An explanation of the title on the facing page ends with the sentence, "There is no joke or subtle meaning in the publisher's imprint." According to Robert Anton Wilson in the prologue to The Final Secret of the Illuminati (also known as Cosmic Trigger Vol. 1),

This seems to be a veiled warning about what will follow, but is actually the first lie in the book; occult historian Francis King has carefully determined the date on the imprint is inaccurate by at least a year.

In his Confessions, Crowley discusses how the book was to lead to his joining of O.T.O.. He wrote each chapter at lunch or dinner "by the aid of Dionysos," with one chapter that was especially troubling. He eventually was able to get it written after much effort, but he remained dissatisfied and angry with it. Not too long after it had been published, he was visited by Theodor Reuss, the then head of Ordo Templi Orientis (an organization he thought was little more than a repository of certain secrets of Freemasonry).

[Reuss] said that since I was acquainted with the supreme secret of the Order, I must be allowed the IX° and obligated in regard to it. I protested that I knew no such secret. He said, "But you have printed it in the plainest language." I said that I could not have done so because I did not know it. He went to the bookshelves and, taking out a copy of The Book of Lies, pointed to a passage in the despised chapter. It instantly flashed upon me. The entire symbolism, not only of freemasonry but of many other traditions, blazed upon my spiritual vision. From that moment the O.T.O. assumed its proper importance in my mind. I understood that I held in my hands the key to the future progress of humanity. (Crowley 1979, pp. 708-709)
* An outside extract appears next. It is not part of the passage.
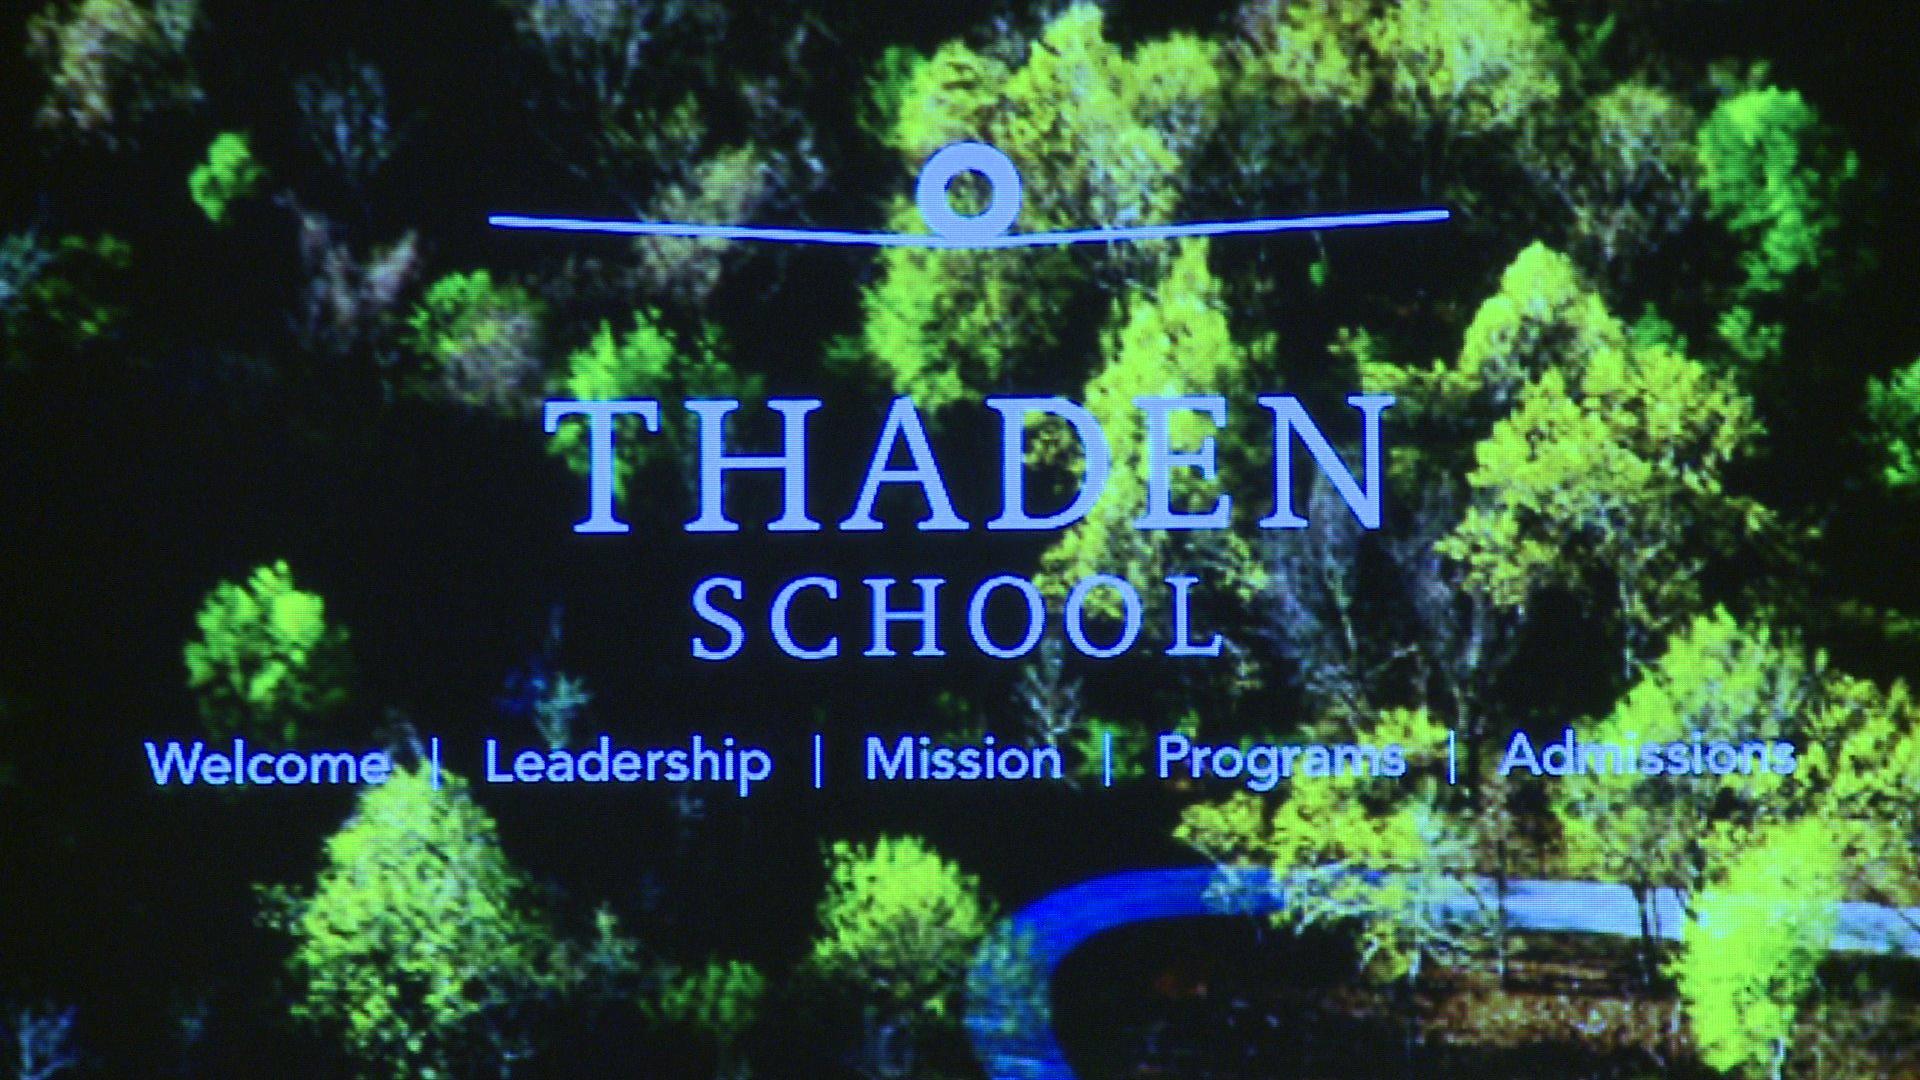 thaden-school
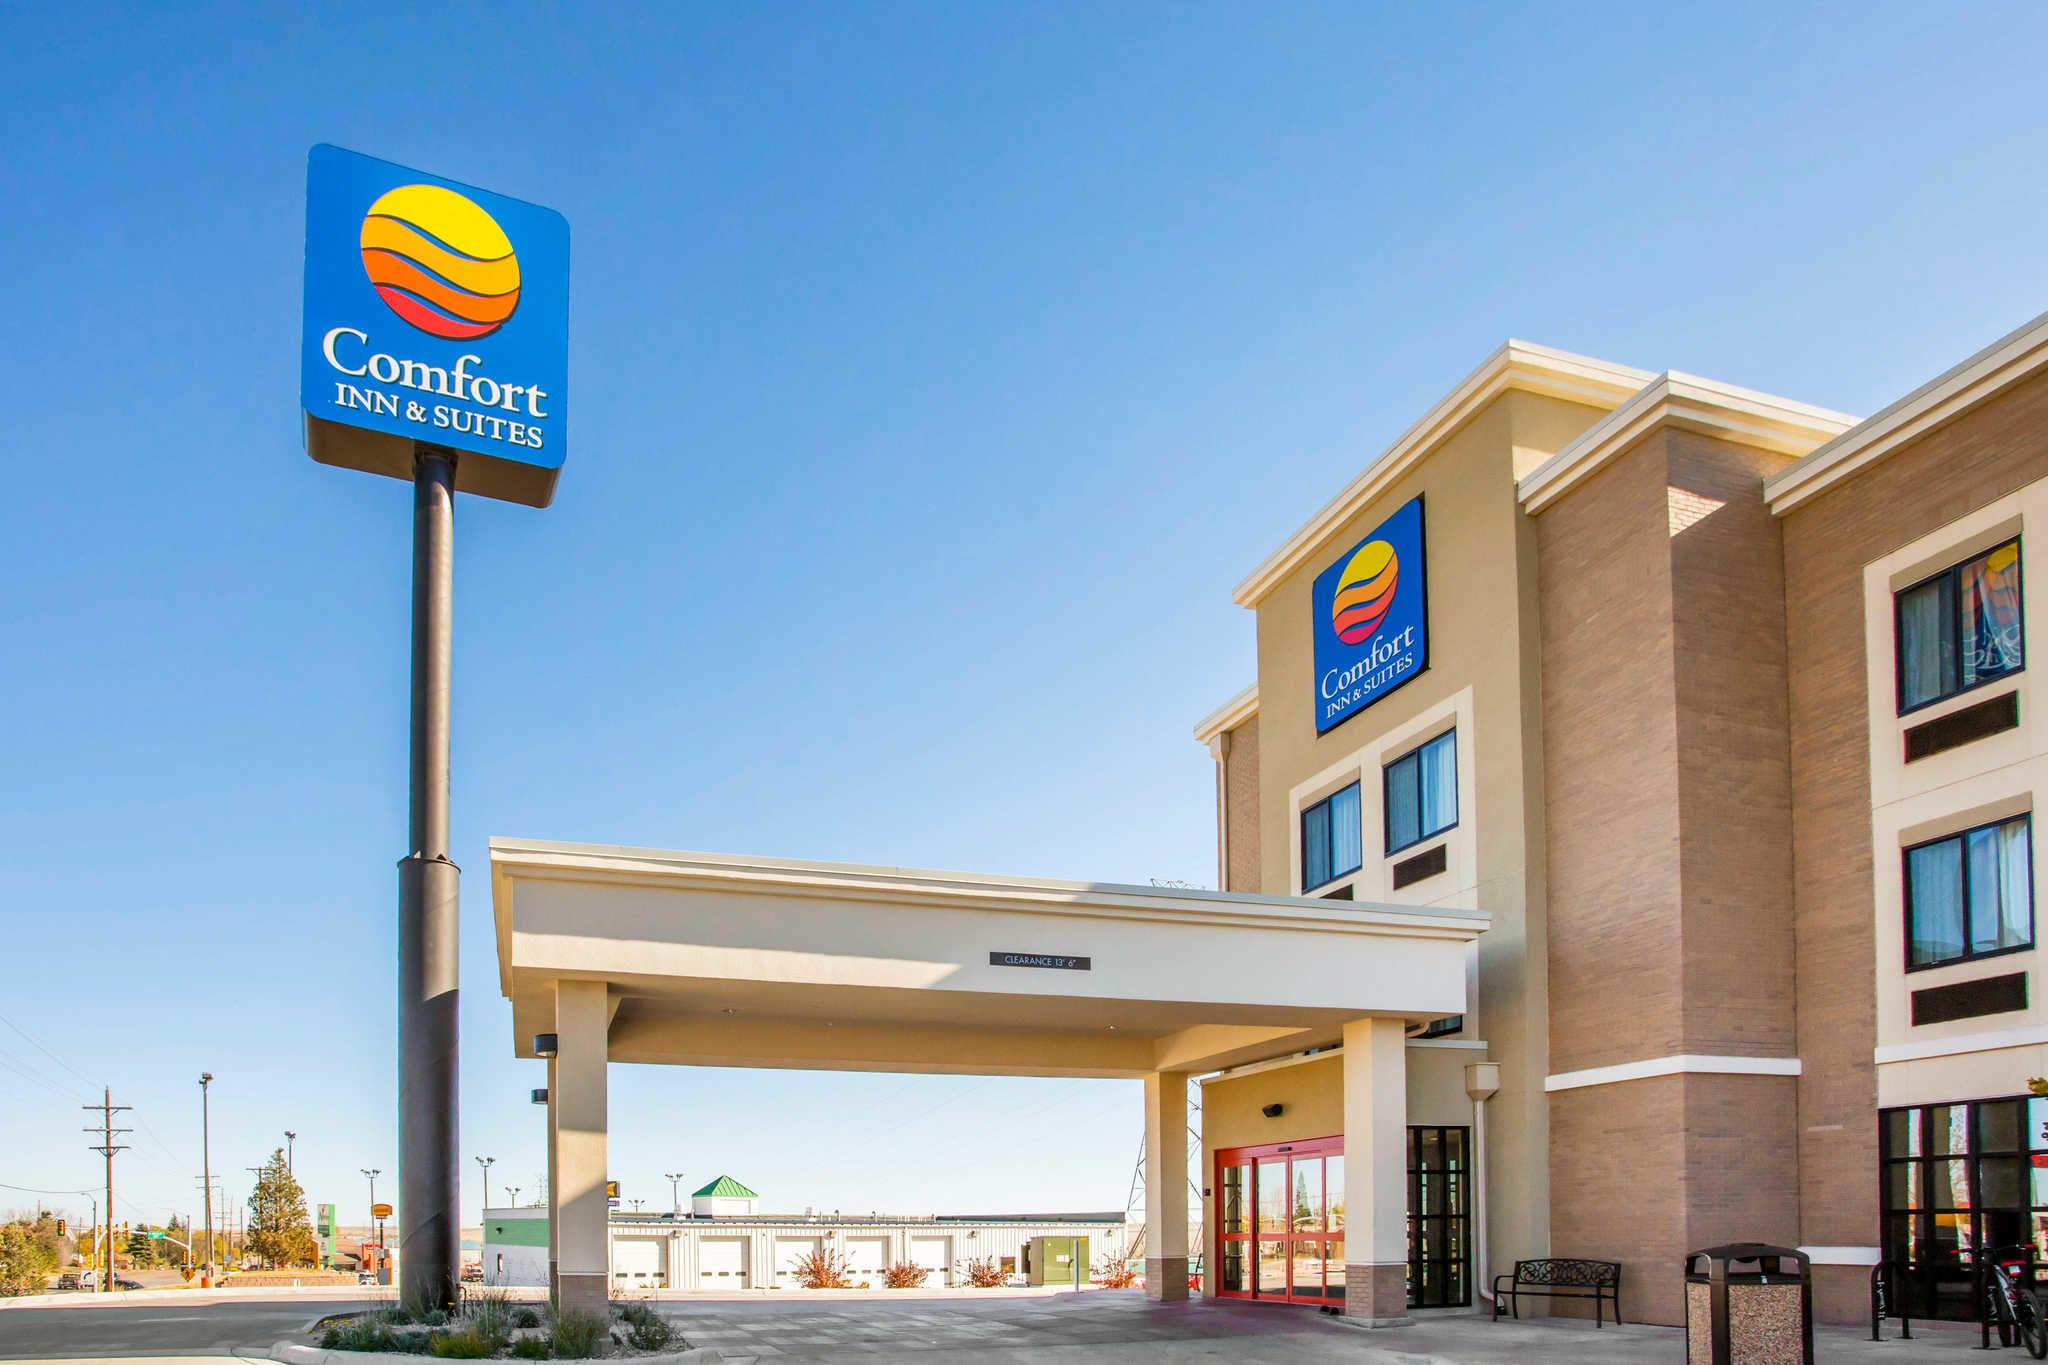 Comfort Inn  U0026 Suites  Cheyenne Wyoming  Wy

Aleister Crowley sometimes said that this could not have happened the way he remembered it, since The Book of Lies had not yet come out when he joined the O.T.O. As previously mentioned, however, Wilson claims that the book lies about its publication date.

Assuming this event did take place, readers have suggested various possible chapters that might contain the secret. Wilson points to Chapter 69, "The Way to Succeed—and the Way to Suck Eggs!" Crowley's book De Arte Magica names Chapter 36, "The Star Sapphire".